There is also an optional “distancename” parameter which, when given, prompts Arango to add the number of meters from your target point each document is. We can use that like this:

arangosh [_system]> db._createStatement({query: 'FOR city in WITHIN(cities, 45.42890720357919, -75.68796873092651, 170000, "distance_from_artissimo_cafe") RETURN city'}).execute().toArray()
[ 
  {
    "_id" : "cities/393503132620",
    "_rev" : "393503132620",
    "_key" : "393503132620",
    "distance_from_artissimo_cafe" : 1091.4226157106734,
    "lat" : 45.4215296,
    "lng" : -75.69719309999999,
    "name" : "Ottawa"
  },
  {
    "_id" : "cities/393504967628",
    "_rev" : "393504967628",
    "_key" : "393504967628",
    "distance_from_artissimo_cafe" : 166640.3086328647,
    "lat" : 45.5086699,
    "lng" : -73.55399249999999,
    "name" : "Montreal"
  } 
]

Arango’s NEAR function returns a set of documents ordered by their distance in meters from the lat/lng you provide. The number of documents in the set is controlled by the optional “limit” argument (which defaults to 100) and the same “distancename” as above.

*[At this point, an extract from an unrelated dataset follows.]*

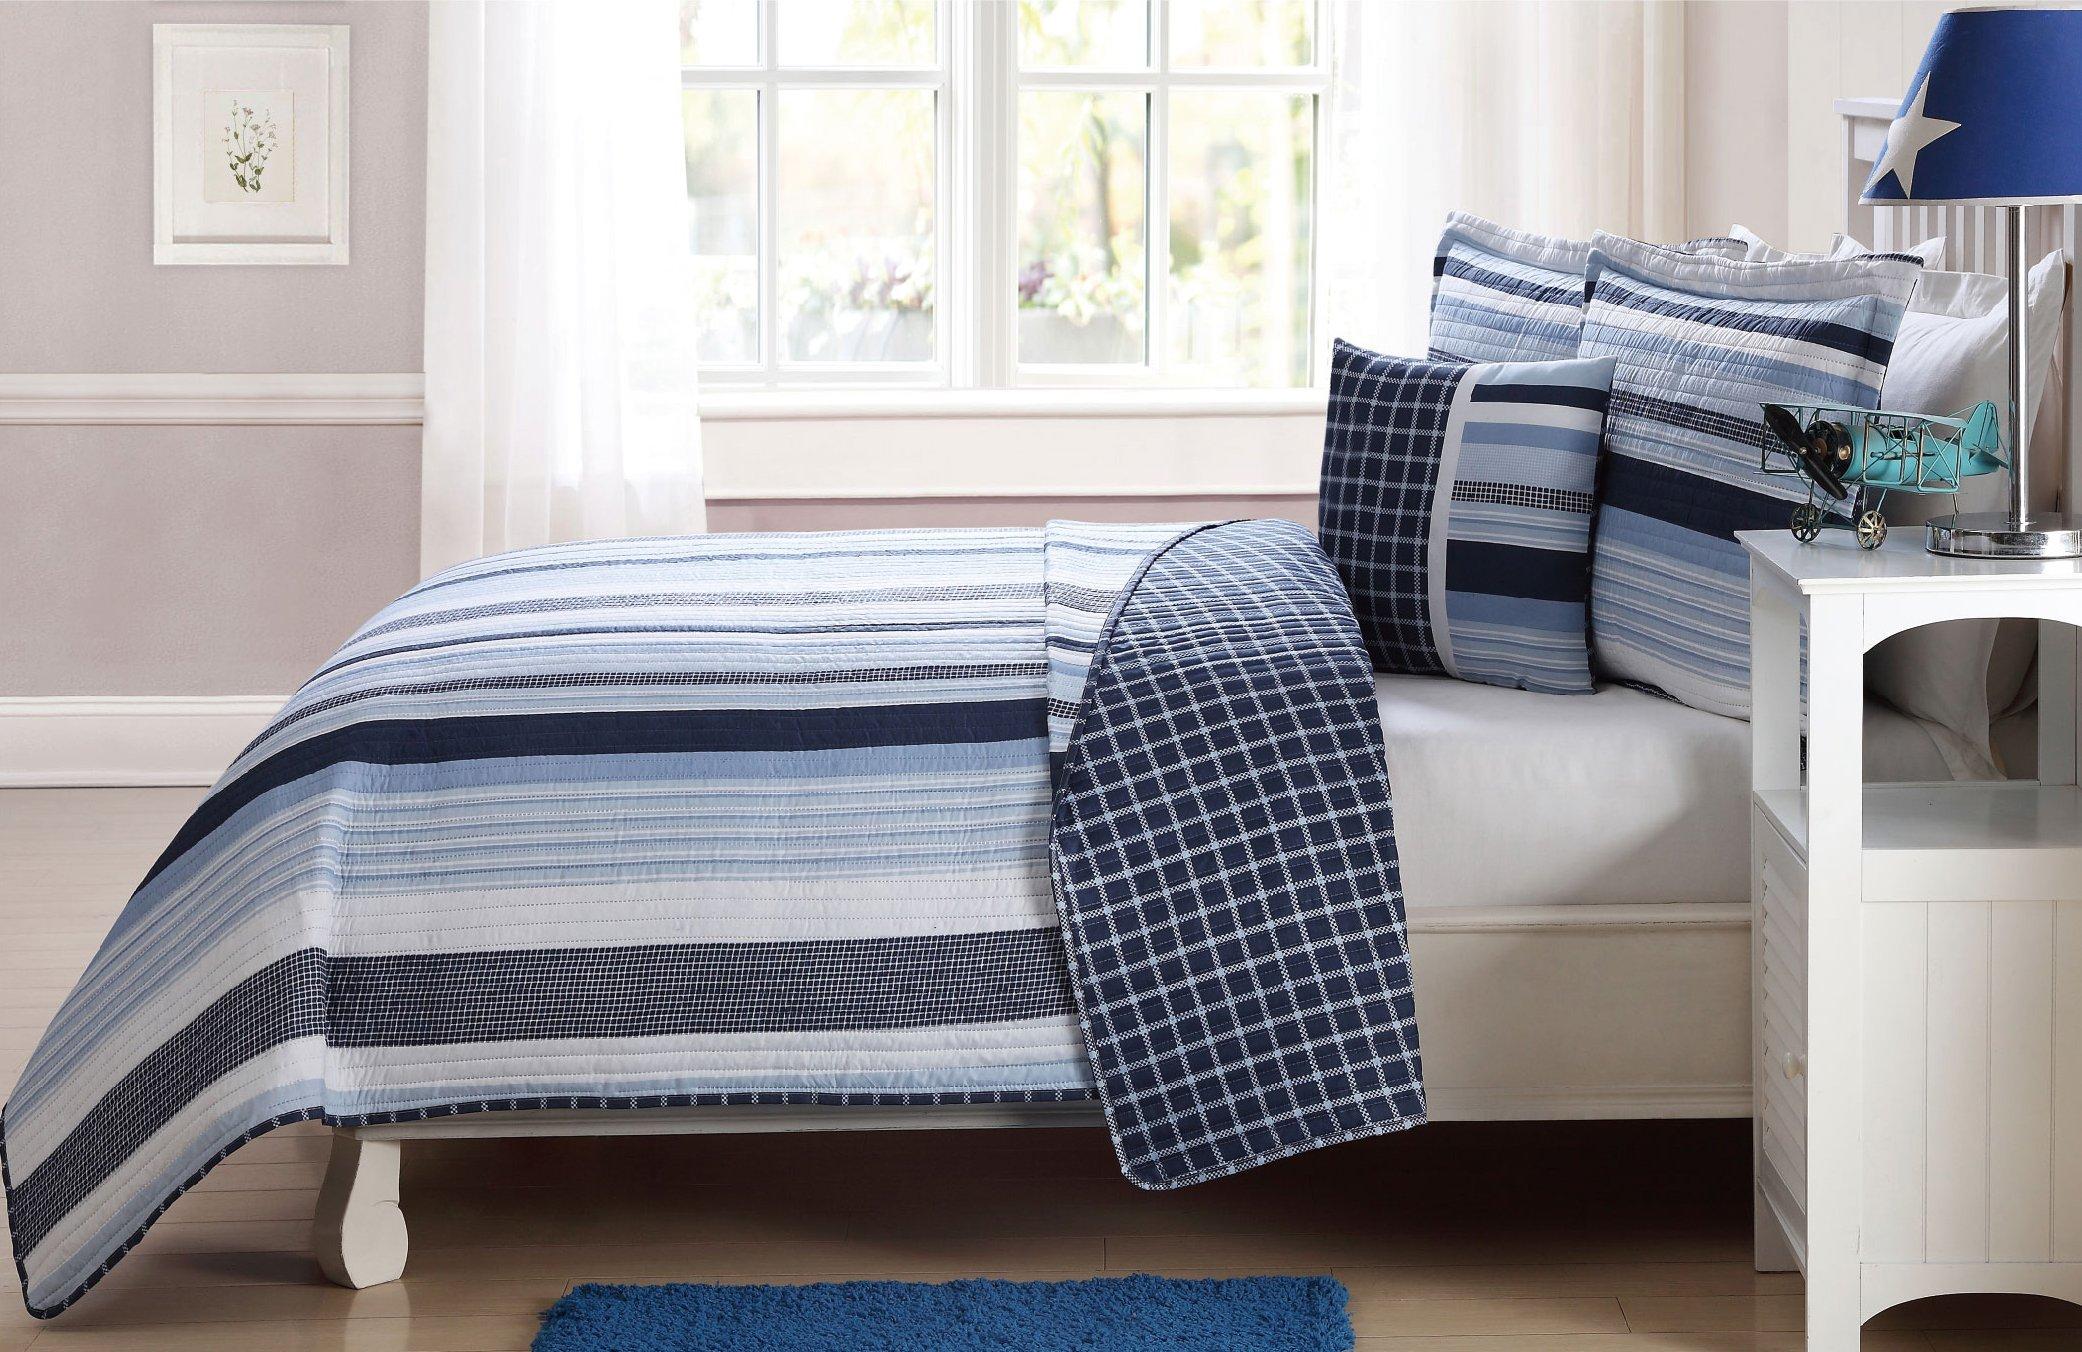 Fancy Linen 4 Pc Full Size Bedspread Coverlet Reversible Elegant Stripes Blue White New # Elegant Stripe

I am going to limit the result set to 3 (I only have 3 records in there anyway), and use my coffeeshop again:

arangosh [_system]> db._createStatement({query: 'FOR city in NEAR(cities, 45.42890720357919, -75.68796873092651, 3, "distance_from_artissimo_cafe") RETURN city'}).execute().toArray()
[ 
  {
    "_id" : "cities/393503132620",
    "_rev" : "393503132620",
    "_key" : "393503132620",
    "distance_from_artissimo_cafe" : 1091.4226157106734,
    "lat" : 45.4215296,
    "lng" : -75.69719309999999,
    "name" : "Ottawa"
  },
  {
    "_id" : "cities/393504967628",
    "_rev" : "393504967628",
    "_key" : "393504967628",
    "distance_from_artissimo_cafe" : 166640.3086328647,
    "lat" : 45.5086699,
    "lng" : -73.55399249999999,
    "name" : "Montreal"
  },
  {
    "_id" : "cities/393506343884",
    "_rev" : "393506343884",
    "_key" : "393506343884",
    "distance_from_artissimo_cafe" : 8214463.292795454,
    "lat" : -23.5505199,
    "lng" : -46.63330939999999,
    "name" : "São Paulo"
  } 
]

As you can see ArangoDB’s geo-spatial functionality is sparse but certainly enough to do some interesting things. Being able to act as a graph database AND do geo-spatial queries places Arango in a really interesting position and I am hoping to see its capabilities in both those areas expand. I’ve sent a feature request for WITHIN_BOUNDS, which I think would make working with leaflet.js or Google maps really nice, since it would save me doing a bunch of calculations with the map centre and the current zoom level to figure out a radius in meters for my query. I’ll keep my fingers crossed…

Update: My WITHIN_BOUNDS suggestion was actually implemented as WITHIN_RECTANGLE, and there is more geo stuff coming soon according to the roadmap.